Rezension

Entwicklungsgeschichte einer Hochbegabten

No und ich - Delphine de Vigan

No und ich
von Delphine de Vigan

Bewertet mit 5 Sternen

„Es gibt etwas lästiges im Leben, etwas, wogegen kein Kraut gewachsen ist: Man kann nicht mit Denken aufhören. Als Kind übte ich mich jeden Abend darin, ich lag im Bett und versuchte, absolute Leere herzustellen, einen nach dem anderen verscheuchte ich die Gedanken, noch bevor sie zu Worten gerinnen konnten, ich zog sie mit der Wurzel aus, vernichtete sie mit Stumpf und Stiel, aber ich stieß immer aufs selbe Problem: daran denken, mit Denken aufzuhören, ist immer noch denken. Und dagegen ist nichts zu machen.“ (Seite 136)

Lou ist 13 und die Kleinste aus der Klasse. Kein Wunder, denn sie hat bereits zwei Jahrgangsstufen übersprungen. Sie fühlt sich allein und sie ist es auch. Die Mädchen in ihrer Klasse haben schon ganz andere Interessen und zu Hause trauert die Mutter um Lous verstorbene Schwester. Nur Lukas bemüht sich um sie. Er ist mit Abstand der Älteste in der Klasse, schließlich hat er schon zwei Klassen wiederholen müssen.

Für Lou ist es ein Problem, vor der ganzen Klasse ein Referat zu halten. Als sie ihr Thema (obdachlose Mädchen) gefunden hat, lernt sie No kennen und freundet sich mit der 18jährigen an. Das Referat gelingt hervorragend, doch Lou kann No nicht berichten, weil die untergetaucht ist. Lou gibt nicht auf, findet  sie schließlich und lernt sie immer besser kennen … Lukas wird zum engen Vertrauten und Lous Eltern verlieren zunehmend den Kontakt zur Tochter.

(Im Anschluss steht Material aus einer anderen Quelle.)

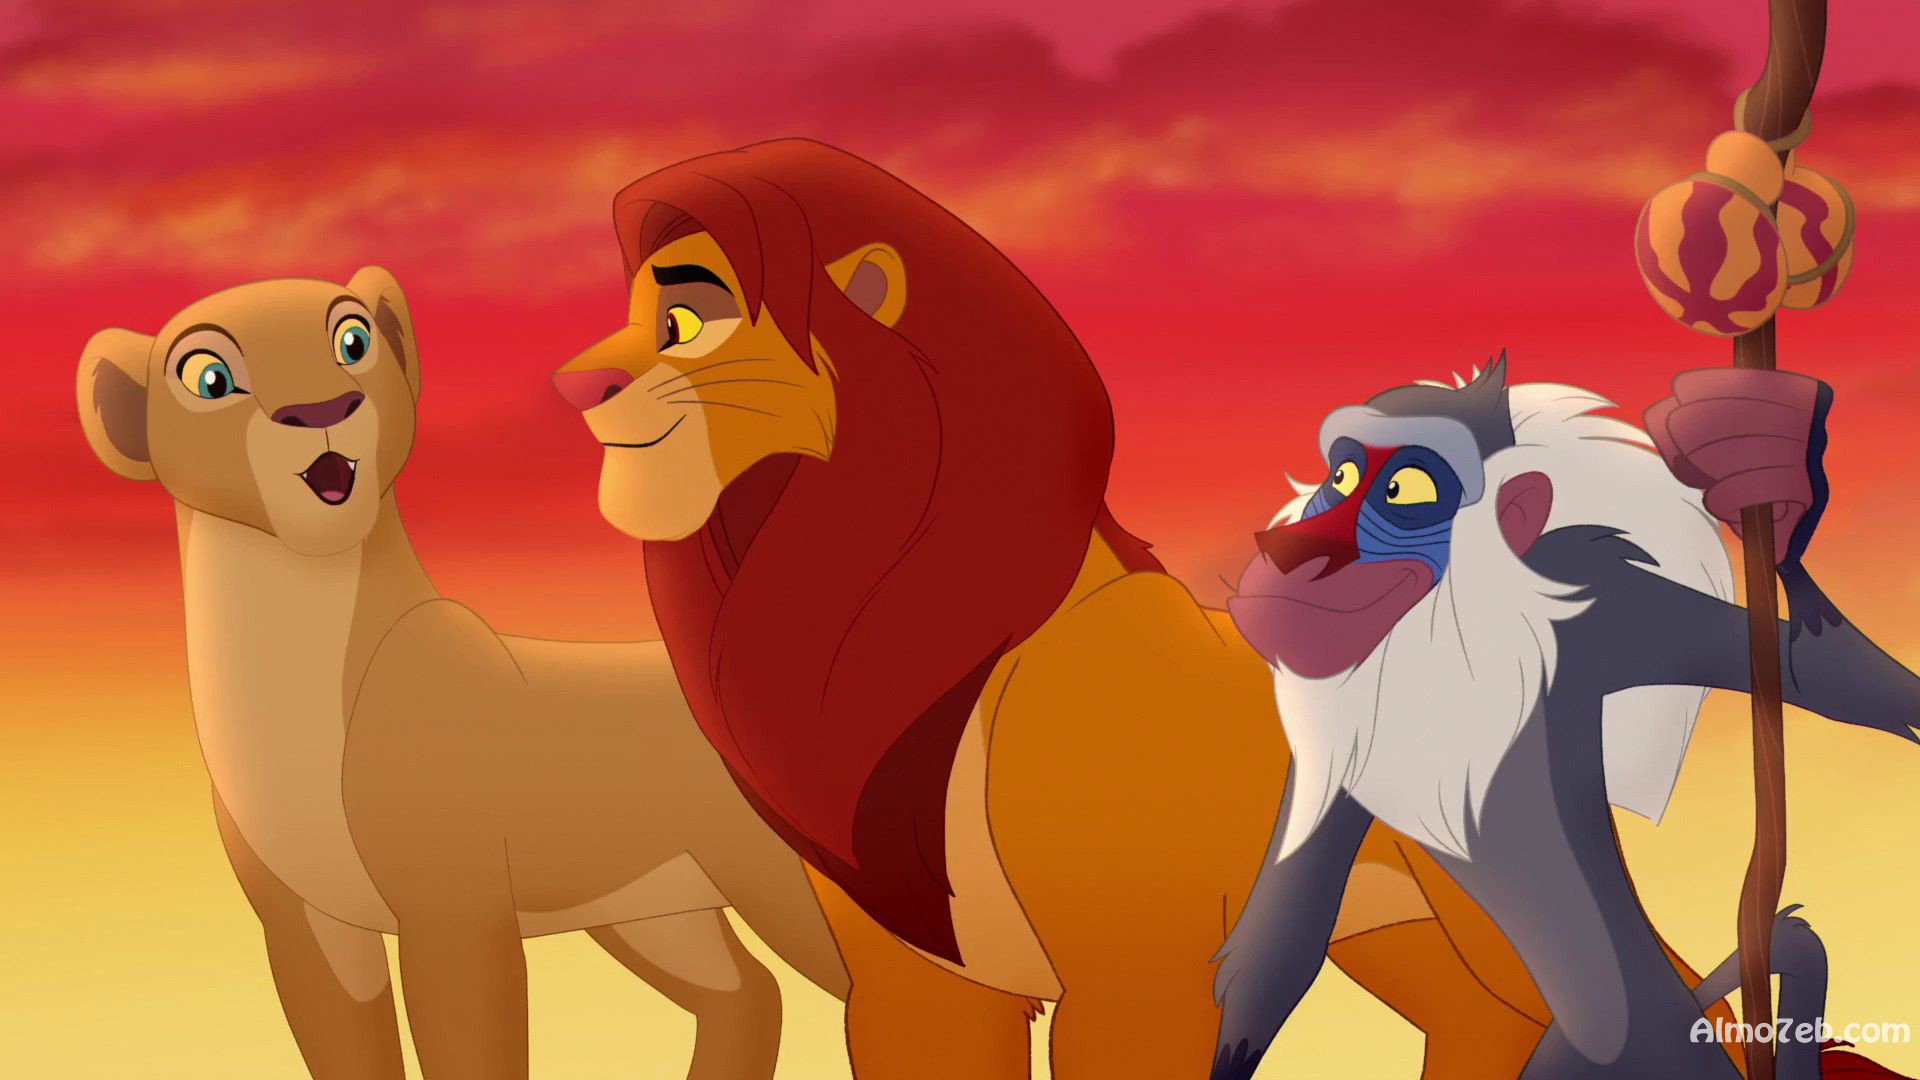 مجموعة صور خلفيات بجودة عالية من فلم الكرتون الملك الاسد: عودة الزئير The Lion Guard Return of the Roar

Das Buch hat einen jugendgerechten Spannungsbogen, der auch ältere Leser mitfiebern lässt. Wird es gelingen, No zu zähmen oder gerät Lou „unter die Räder“?

Die Autorin lässt uns tief in Lous Gedankenwelt eintauchen, in ihre Hilfsbereitschaft, ihre Illusionen, ihre Zweifel. „ Bücher haben Kapitel, um die einzelnen Phasen sauber zu trennen, um zu zeigen, dass die Zeit vergeht oder die Lage sich weiterentwickelt, und manchmal sogar Teile mit verheißungsvollen Titeln Begegnung, Hoffnung, Ende, sie sind wie Bilder. Doch im Leben gibt es gar nichts, keine Titel, keine Warntafeln Gefahr, häufiger Steinschlag oder drohende Desillusionierung. Im Leben ist man ganz allein in seinem Kostüm, und es ist eben Pech, wenn es ganz zerrissen ist.“ (Seite 191)

Fazit: ein gelungenes Jugendbuch, das auch Eltern nicht kalt lässt.